Reprogramming the City began with a simple question asked of a stairway. While working in Hong Kong, Urban Strategist Scott Burnham observed that the extreme density of the city was inspiring residents to use the city’s infrastructure in new ways to satisfy needs unable to be met by the limitations of the city. In the central business district, business people and shoppers were using a public stairway as a multifunctional space for rest and socializing. “Why”, asked Burnham “does an urban stairway have to function as only a stairway? What if it did more than one function?”

The question has taken Burnham around the world to discover and research the most exceptional an innovative examples of existing urban structures being reimagined and reprogrammed for additional use. Four exhibitions and a book have been created showing showing dozens of projects from around the world that expand the functionality of existing urban assets for new and additional use to benefit city city and its citizens. 

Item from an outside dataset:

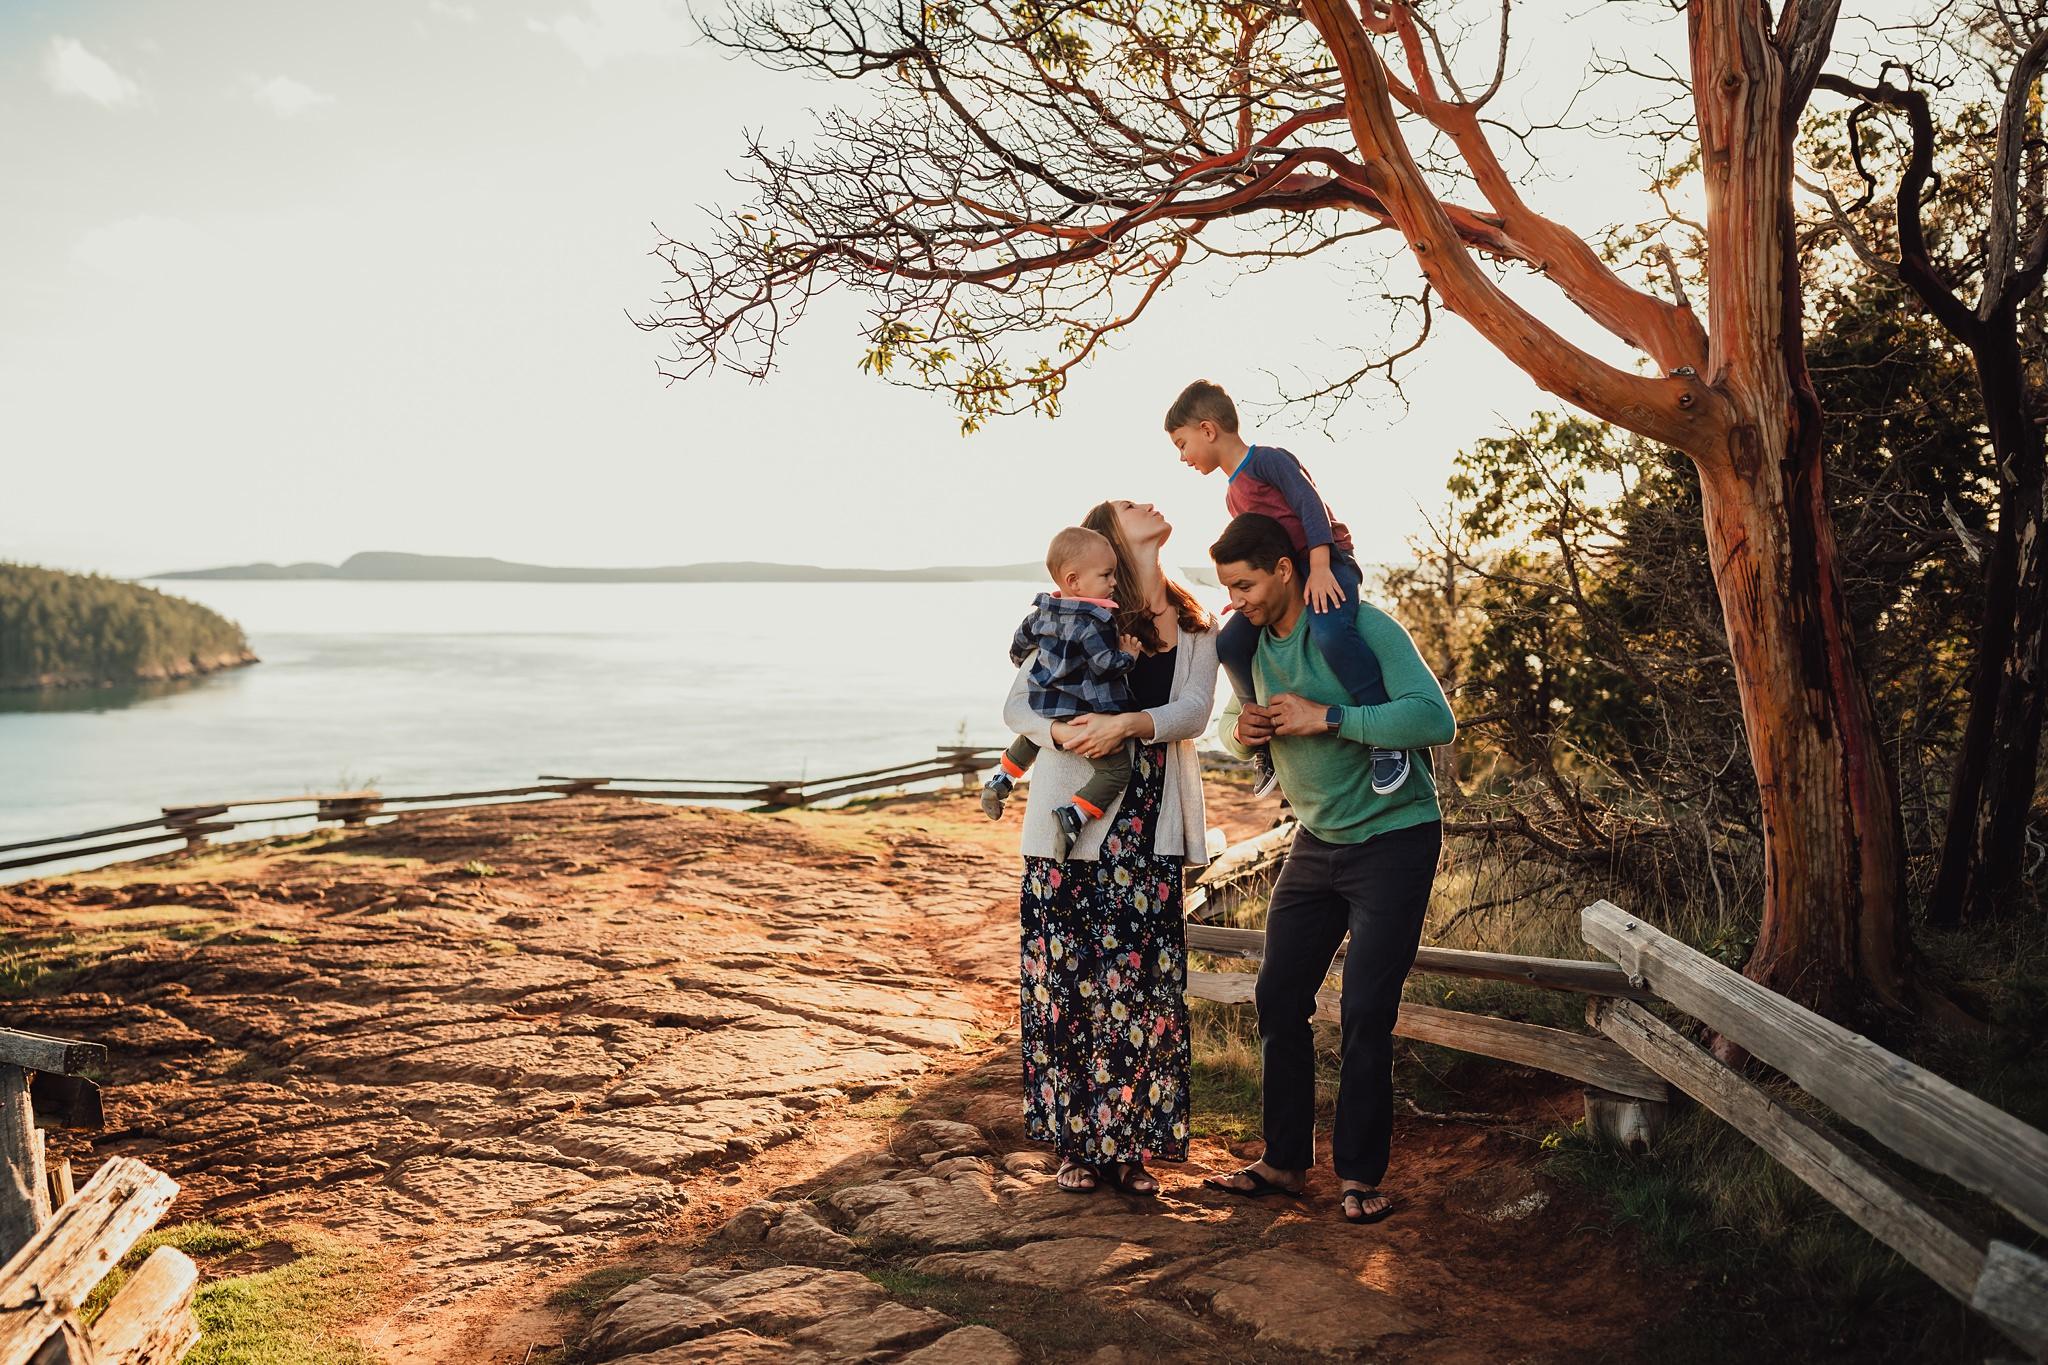 family photography at Washington Park

reused and repurposed parking infrastructure in a car free city

Invited by DOGA to create a Nordic-specific version of his ongoing Reprogramming the City initiative, Burnham has worked with DOGA staff and cities and citizens to select the most innovative and imaginative examples of reuse, repurposing and reprogramming existing assets to improve life in the Nordic Region. A vast and inspiring pool of imaginative reused and repurposed structures were discovered throughout the region, particularly in the context of Oslo aiming to be a car free city.

During the curatorial process, projects that created new types of functions or met unmet needs of local residents were highlighted for inclusion in the exhibition. Also highlighted were unexpected, abandoned or under-appreciated structures that were given new life through innovative repurposing. Factories and warehouses turned into housing, legacy banks and buildings turned into cultural and co-working spaces – a vast number of projects were put forward as model repurposing projects, but the commonality and frequency of their end function fell outside of the final exhibition narrative. 

The end result of the curatorial process is exhibited here. Projects that transform the Nordic region’s built landscapes into platforms of opportunity, and the innovative reuse of existing structures reveal that the built environment should not be seen as the end result of a previous creative process, but the beginning of a new one.

Reprogramming the City provides a framework for societal engagement and development within the urban landscape. Regardless of income, identity, origin or demographic, everyone shares the physical components of the city. By revealing the untapped potential and innovative additional uses contained in the common elements of the city, barriers for engagement in the future of the city are lowered. People become empowered to share their ideas and apply their own desires and imaginations to their surrounding environment. 

The final section of the exhibition provides an open arena for ideas. How could cities and communities use the assets already in place in new ways? How can Norway, its cities, towns and communities be more resourceful with the assets already in place?